Binary Dependent Variable Models
The dataset I will use is stop and frisk data from \(2018\). Every time a police officer stops a person in \(NYC\), the officer is require to fill out a form recording the details of the stop. The forms were filled out by hand and manually entered into an \(NYPD\) database. When the forms became electronic, database are available for download for public . Each row of the data set represent a stop by \(NYPD\) officer. Dataset also contain variable such as the age, race, weight, height of the person stopped, if a person was frisked (when an officer pass the hands over someone in a search for hidden weapons, drugs, or other items and the location of the stop.
I am interested to find likelihood of someone being arrested based on different variables.
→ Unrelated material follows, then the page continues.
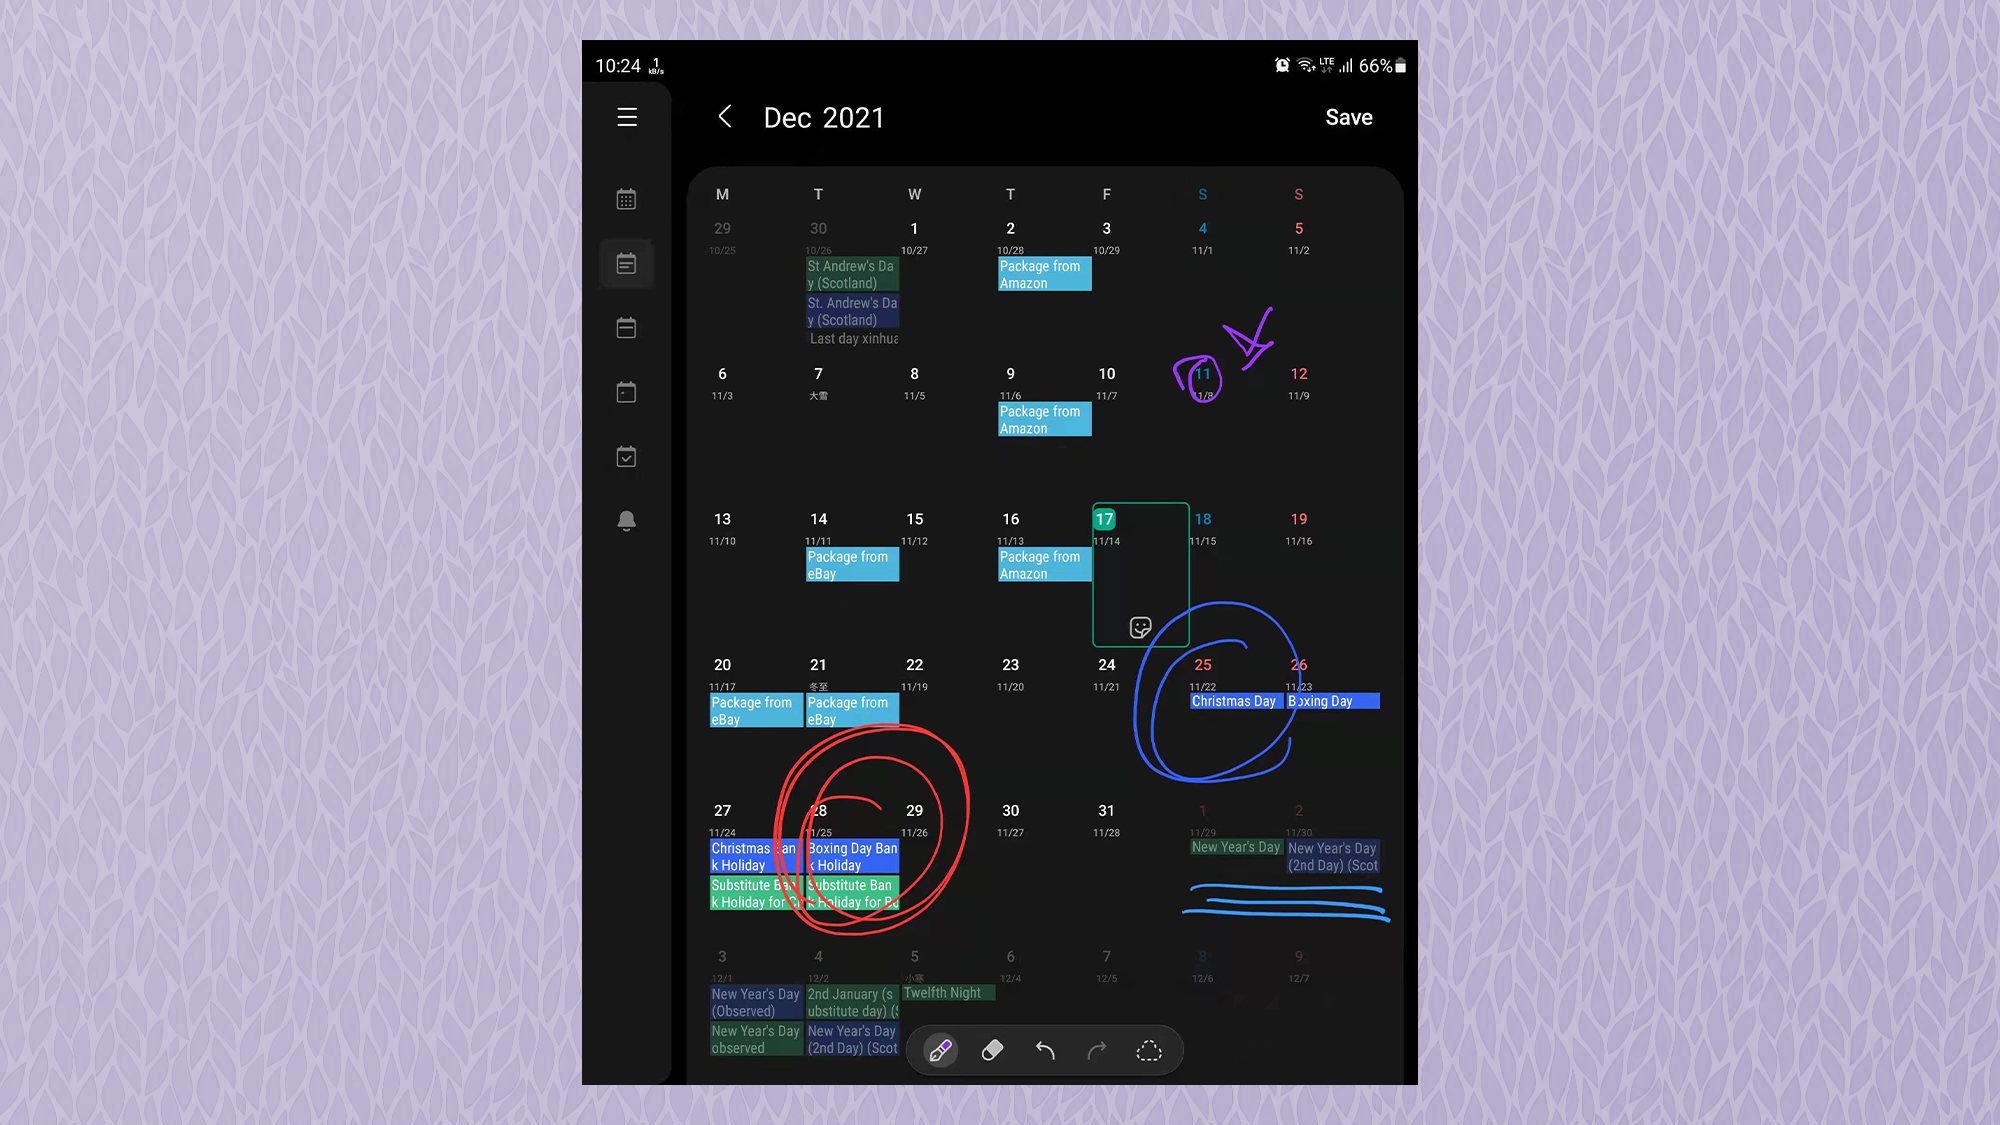 Снимок экрана Samsung Galaxy Z Fold3, показывающий вид календаря с рукописными заметками на нем

Therefore, my binary dependent variable will be betting arrested or not.
Prepering Dataset for Binary Dependent Variable:
library(readxl)
# Reading the excel data
sqf<- read_excel("C:/Users/Afzal Hossain/Documents/A.Spring 2019/SOC 712/HW/HW4/sqf_2018.xlsx")
#Keeping the variable that i am interested in.
sq<-select(sqf, 'STOP_FRISK_ID',"MONTH2",'SUSPECT_ARRESTED_FLAG','FRISKED_FLAG','SEARCHED_FLAG','WEAPON_FOUND_FLAG','SUSPECT_REPORTED_AGE':'SUSPECT_BODY_BUILD_TYPE','STOP_LOCATION_BORO_NAME')
# Lets look the Data
head(sq)
We need to handle the missing value that is mention as (null) in categorical variable that we will use later in our model and only consider the recors with complete status in our dataset. I will also recode the race variable in order to easy understanding.
# making the the variable character temporarily
sq$SUSPECT_SEX <- as.character(sq$SUSPECT_SEX)
sq$SUSPECT_SEX[sq$SUSPECT_SEX == "(null)"] <- NA
sq$SUSPECT_RACE_DESCRIPTION <- as.character(sq$SUSPECT_RACE_DESCRIPTION)
sq$SUSPECT_RACE_DESCRIPTION[sq$SUSPECT_RACE_DESCRIPTION == "(null)"]<- NA
sq$SUSPECT_BODY_BUILD_TYPE <- as.character(sq$SUSPECT_BODY_BUILD_TYPE)
sq$SUSPECT_BODY_BUILD_TYPE[sq$SUSPECT_BODY_BUILD_TYPE== "(null)"]<- NA
sq<-sq[complete.cases(sq), ]
# Recoding Variable for bodu type
sq$SUSPECT_BODY_BUILD_TYPE[sq$SUSPECT_BODY_BUILD_TYPE=='EA' |
sq$SUSPECT_BODY_BUILD_TYPE=='HEA' |
sq$SUSPECT_BODY_BUILD_TYPE=='THN'|
sq$SUSPECT_BODY_BUILD_TYPE=='U' |
sq$SUSPECT_BODY_BUILD_TYPE=='XXX'] <- "BIG/Athletic"
sq$SUSPECT_BODY_BUILD_TYPE[sq$SUSPECT_BODY_BUILD_TYPE=='MED' |
sq$SUSPECT_BODY_BUILD_TYPE=='THN'] <- "Small"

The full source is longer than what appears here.